Welcome to 'Brutish Columbia' - An incredible op-ed from the Vancouver Sun

BearShare.pngWhen this project launched last Fall, Forestry Minister Steve Thomson adamantly defended British Columbia's trophy hunting industry and its contribution to the economic wellbeing of the province. Last week, he had to provide the real numbers to back those statements up. Unsurprisingly, they're not all that impressive.

While it's true that the hunting industry may provide up to $350 million annually in revenue for British Columbia, the tiny trophy hunting industry contributes only a fraction of that whole - $414,000 or about 0.11% of the total. 

Stephen Hume uses this figure as the jumping off point for his latest op-ed in the Vancouver Sun. By far, it is his most devastating to date. Here's an excerpt:

"Suggest that this barbarous practice has outlived any economic rationale and government ministers froth cheerily about the $350 million that hunting contributes to the provincial economy every year and how vitally important trophy hunting is in preserving tradition.

That was the line that environment minister Steve Thomson took last September. He was quoted citing that figure by The Canadian Press. But last week, caught in the headlights of a legislative committee examining budget estimates, he sang a different song, one that had a lot fewer zerosin it.

How much direct revenue does the province actually earn from allowing trophy hunters to go out and kill grizzlies for the pleasure of posing with their corpses for photos?

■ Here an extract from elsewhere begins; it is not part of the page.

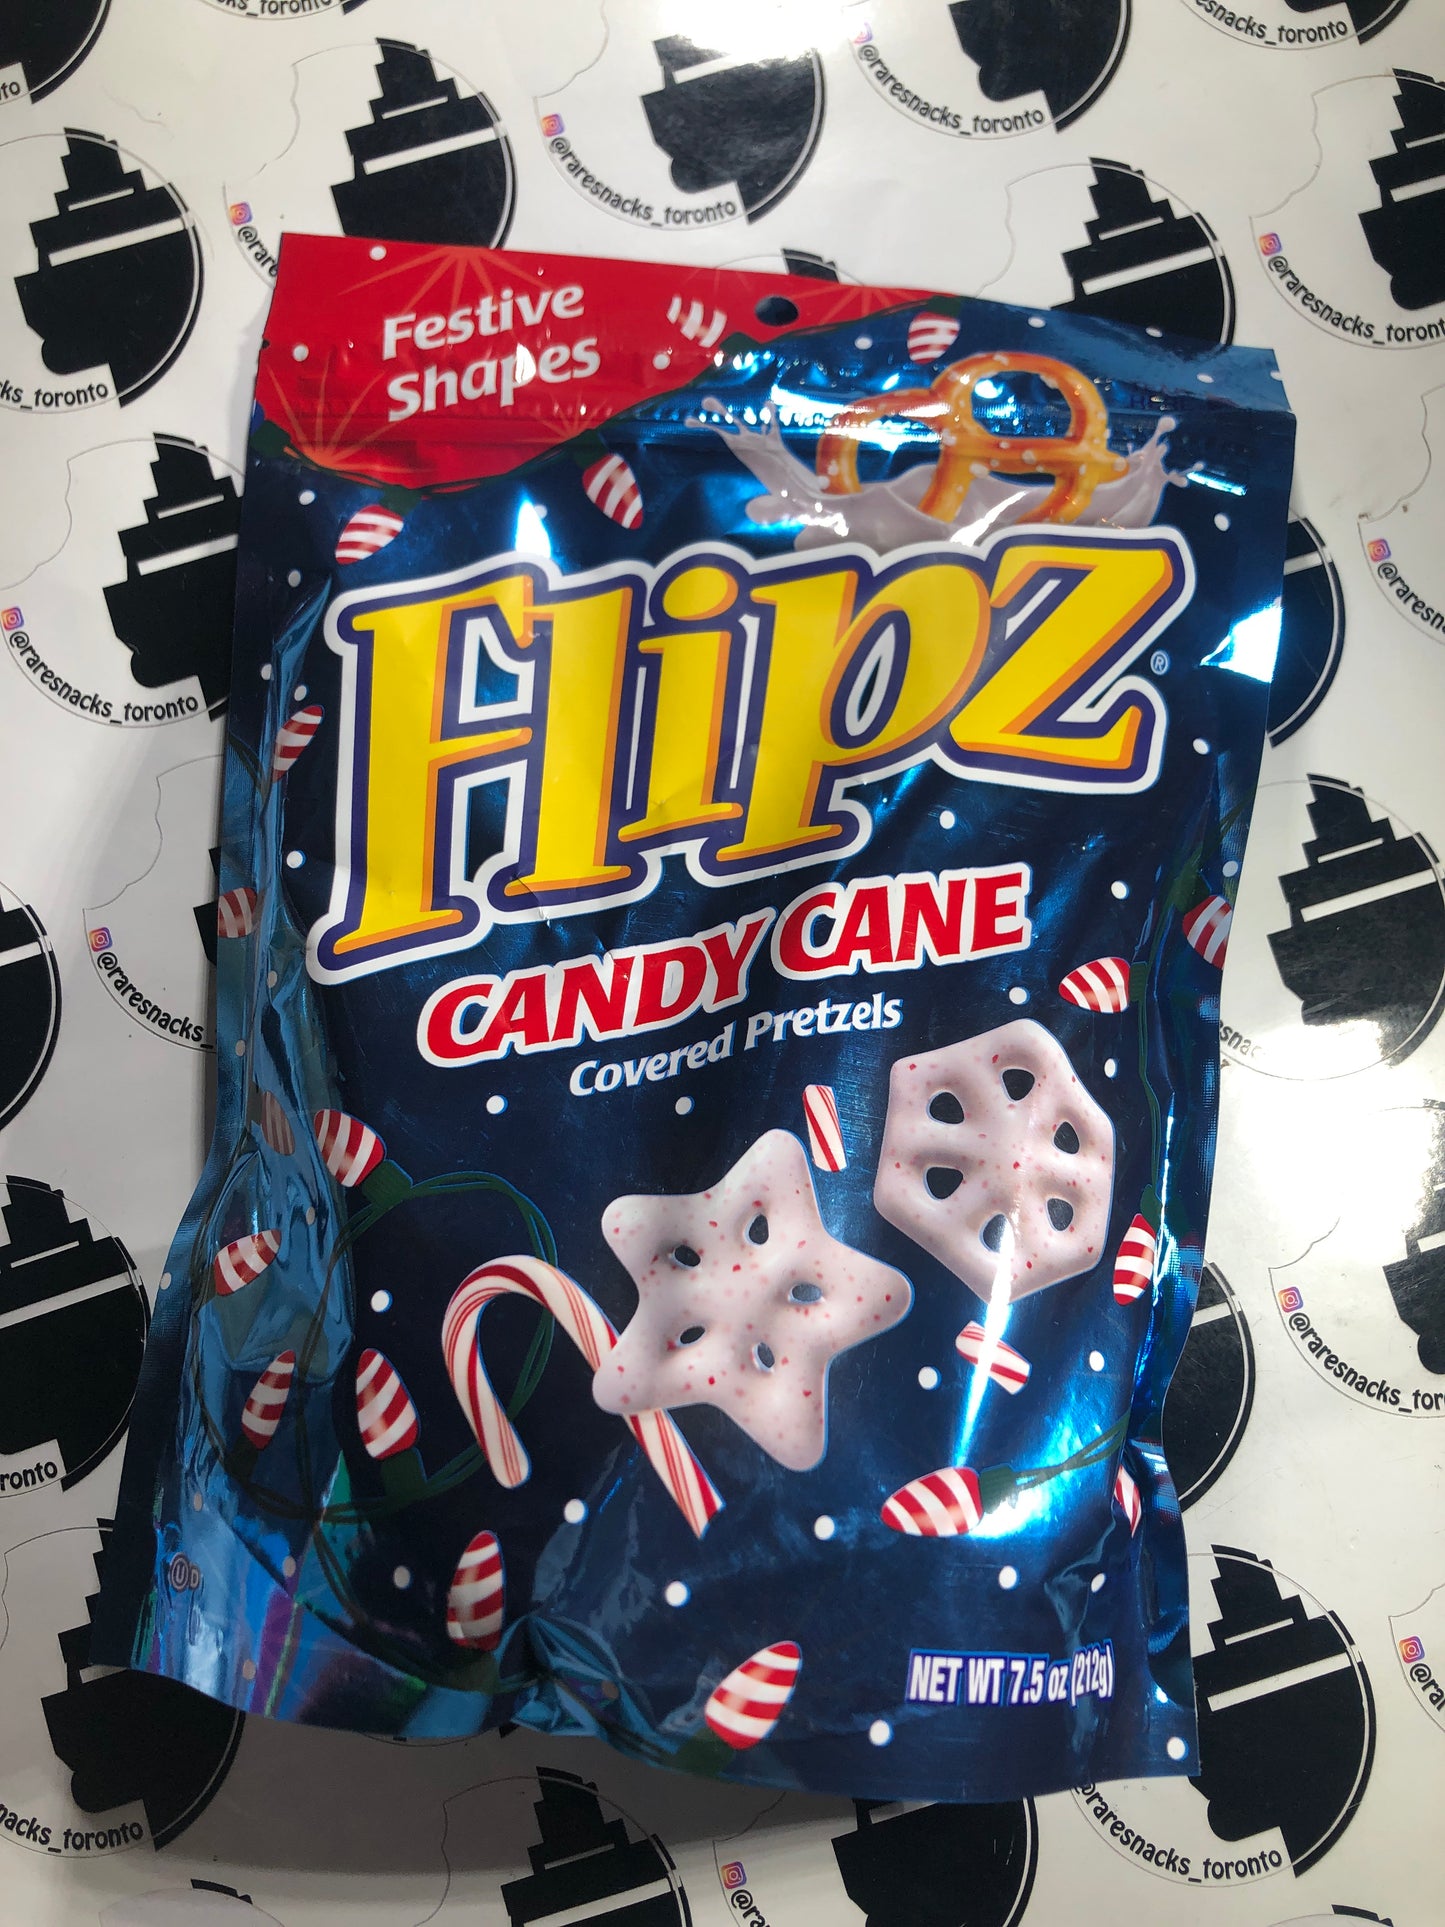 Flipz Candy Cane 7.5oz

Why, it’s $414,000, not $350 million.

Considered another way, the trophy hunt for grizzlies contributes about half as much to the economy as the government apportions to 19 cabinet ministers and their deputy ministers and assistant deputy ministers as an executive car allowance.

And put even more succinctly, the province’s payback from trophy hunting among vulnerable grizzly bear populations amounts to 0.001 per cent of total provincial revenue."

Read the whole piece at the Vancouver Sun, and then share it with your networks.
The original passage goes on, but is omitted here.